Transposable element (TE), also known as transposon or mobile element, is a diversity of DNA segments that can, in a process called transposition, move, or duplicate, from one location in the genome to another. The length of TEs ranges from less than 100-bp to more than 20-kb. After transposition, many types of TEs are flanked by short (~1–20 bp) direct repeats, target site duplications (TSDs), which are derived from the target sequence. However, some TE types, such as Helitron, several Harbinger families and CR1 retrotransposons, do not produce TSDs. The length of TSD is usually a characteristic of a group of TEs and its relatives, but may vary across different groups and superfamilies. TEs constitute the major part of repetitive sequences in most eukaryotic genomes. Other repetitive sequences include tandem repeats (satellite sequences or mini-satellite), sporadic genomic duplications and some multiple-copy host genes (such as rRNA, tRNA, histone genes, etc.). In fact, TEs can be viewed as intra-genomic parasitic elements. Similarly, inter-cellular virus can also be viewed as TEs since they can integrate into the host genome, such as the LTR-retrovirus. TEs have diverse evolutionary impact on host genome.
Machinery and classification of TEs
The transposition of TEs is largely depending on the diverse TE-encoded enzymatic machinery. Some identified enzymes or domains so far include reverse transcriptase, endonuclease, DD[E/D]-transposase (Tpase), Tyrosine-recombinase and Rep/Helicase1. Depending on whether reverse transcription is involved in transposition, TEs are classified into retrotransposon (Class I) and DNA transposon (Class II).

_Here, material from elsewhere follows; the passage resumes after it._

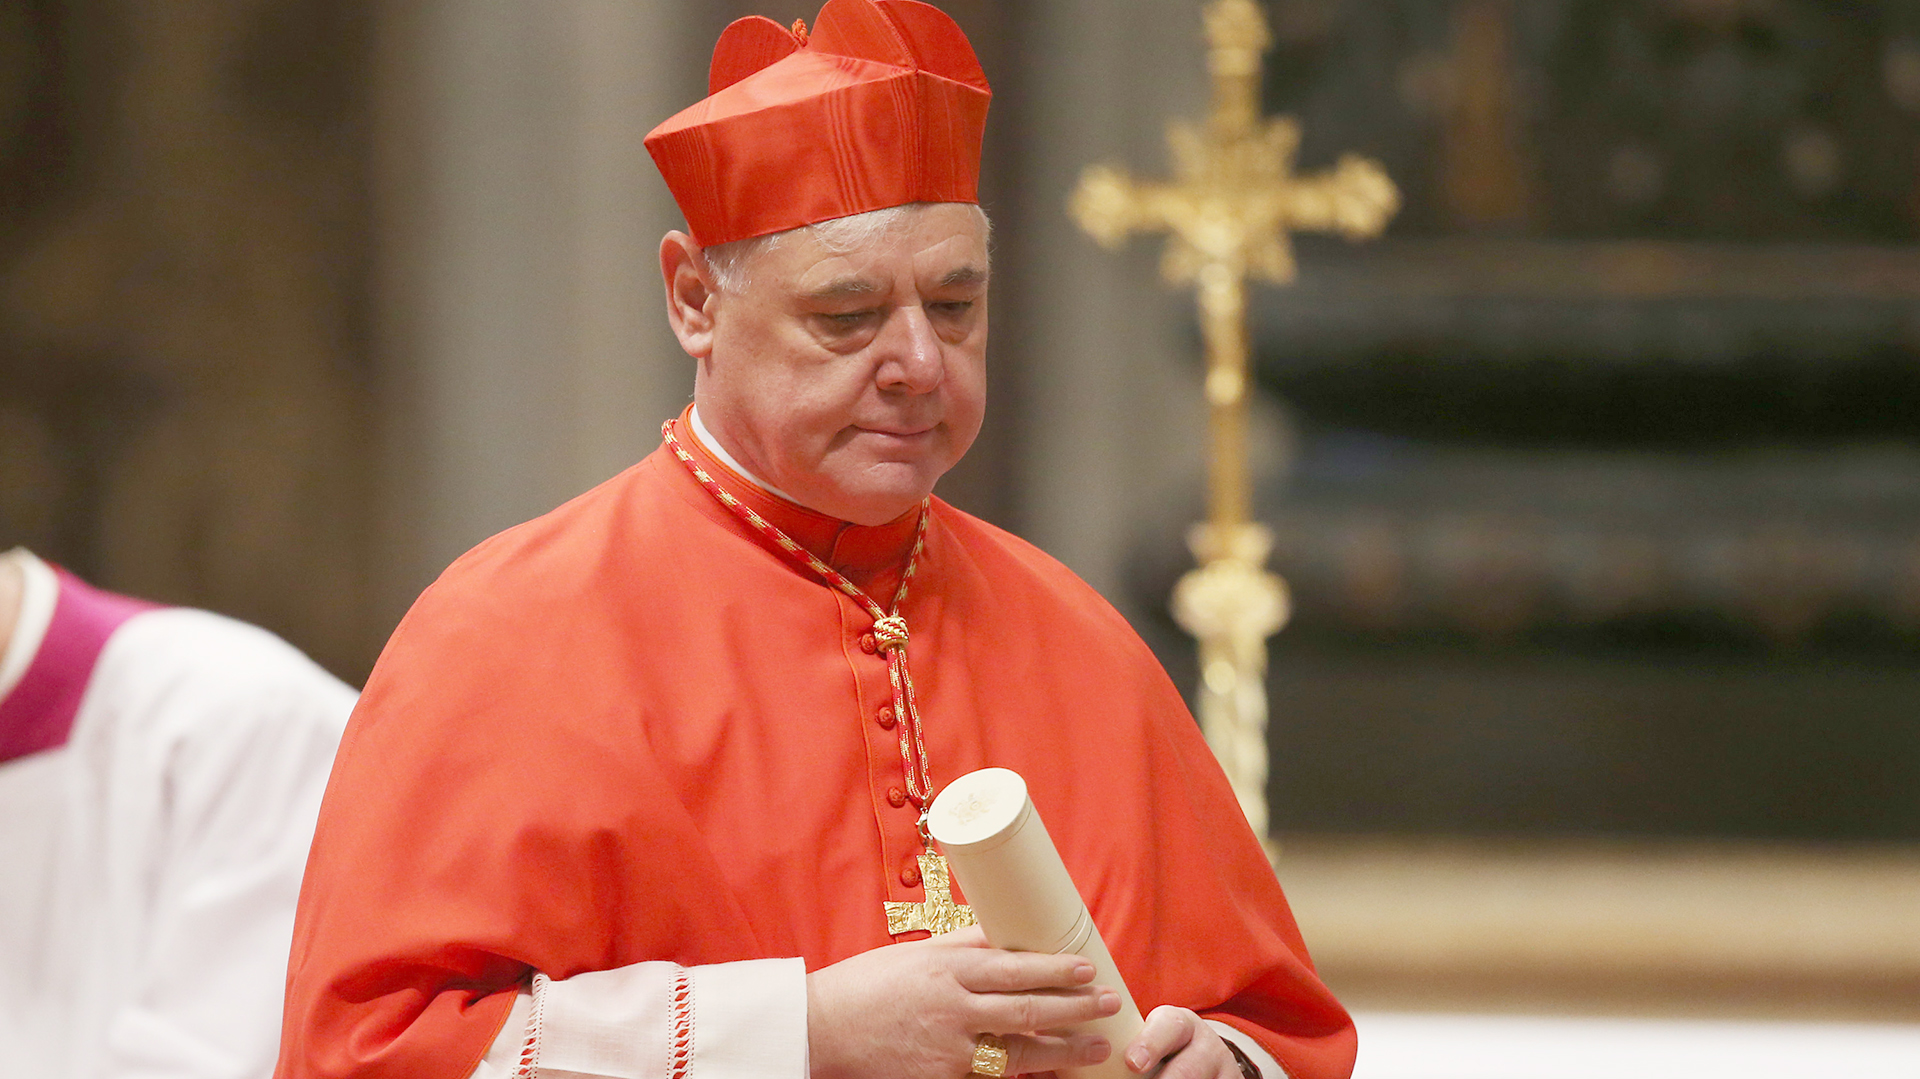 El cardenal Gerhard Muller es uno de los opositores del papa (Getty)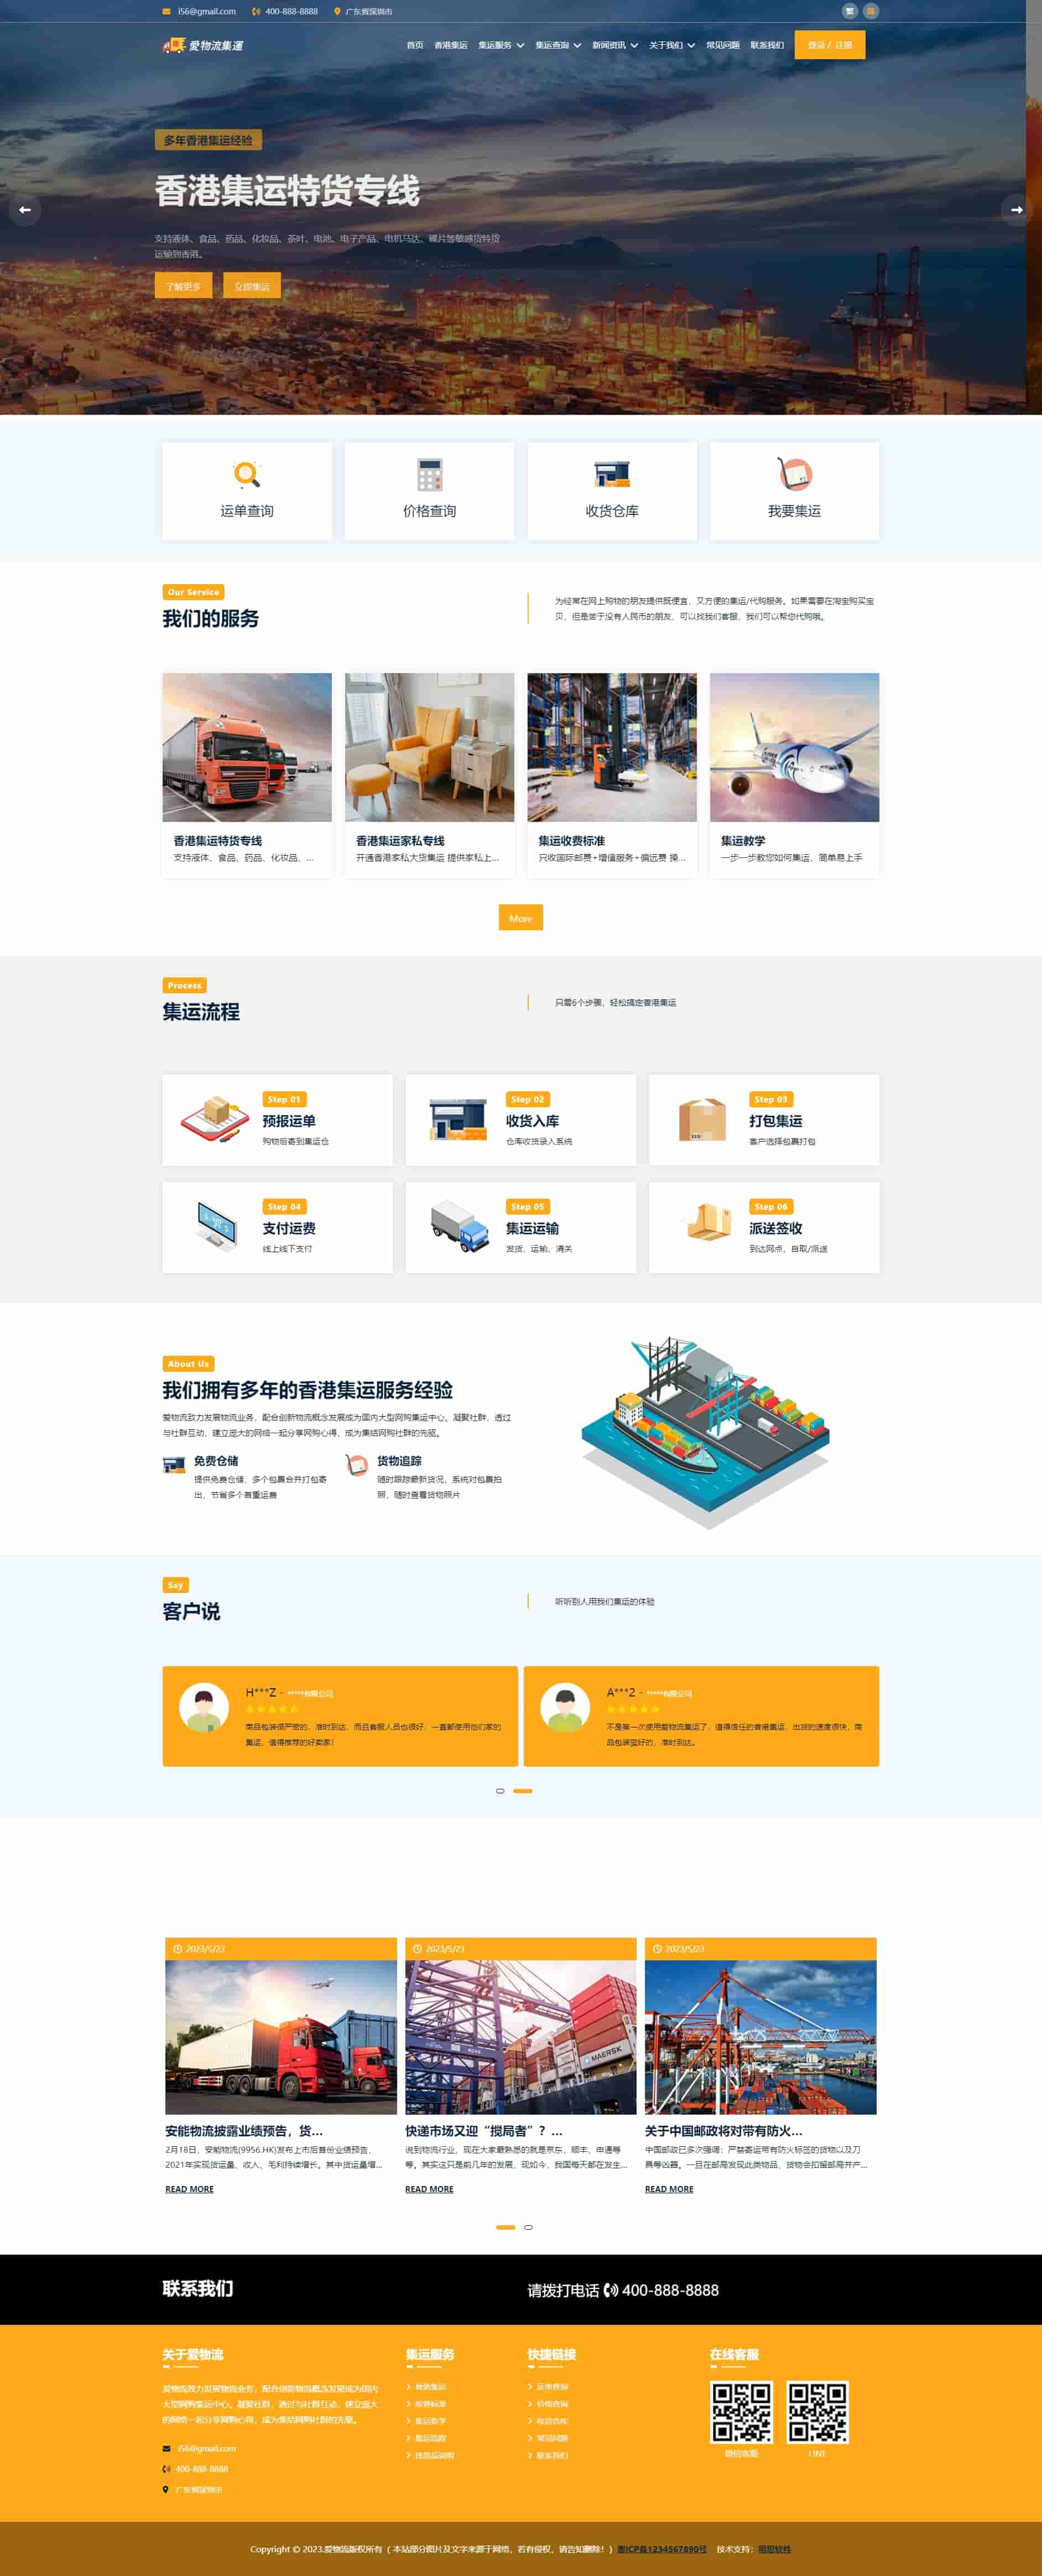 黄色创意设计香港集运模板网站

In DNA transposons, the underlying enzymes could be either DD[E/D]-transposase (Tpase), or Rep/Helicase (for Helitron), or Tyrosine-recombinase (for Crypton). Depending on the sequence similarity of the key enzymes and additional DNA features, TEs are classified into superfamilies (see TE classification). Each superfamily includes numerous different families.
TE family
In the evolutionary history, a given TE, and its active copies, often maintain their activity in a relatively short period of time. Copies generated from them thus form a family. In older families, the TE members have undergone excessive degeneration, and barely represents the original active sequences. Therefore, family consensus sequences are often rebuilt from individual copies to represent the family. In genome sequences, TEs in most loci are only partial fragments, losing the transposition ability due to the lost of the functional element recognized by the transposition machinery. For example, most Non-LTR retrotransposons are 5’-truncated, due to the earlier termination of reverse transcription, and solo-LTR are likely the recombinant from two identical LTRs of LTR retrotransposons. Only a small percentage of TEs are complete in the sense of containing both termini and encode a full set of enzymes for its transposition. These TEs are termed as autonomous. Consequently, non-autonomous TE does not encode any enzyme involved in transposition, and are transposed in trans. Notably, except for these essential enzymes, TEs may occasionally capture some host genes or gene fragments in the long evolutionary history.
Weidong Bao, Ph. D.
TE classification
Historically, eukaryotic transposable elements are classified into two classes: Class I and Class II. Class I is Retrotransposon, which transposes through RNA intermediate. Class II is DNA transposon, which does not use RNA as a transposition intermediate. In other words, Class I includes all transposons encoding reverse transcriptase and their non-autonomous derivatives, while Class II includes all other autonomous transposons lacking reverse transcriptase and their non-autonomous derivatives. Another important information is that the genomes of prokaryotes (bacteria and archaea) does not contain any Class I transposons.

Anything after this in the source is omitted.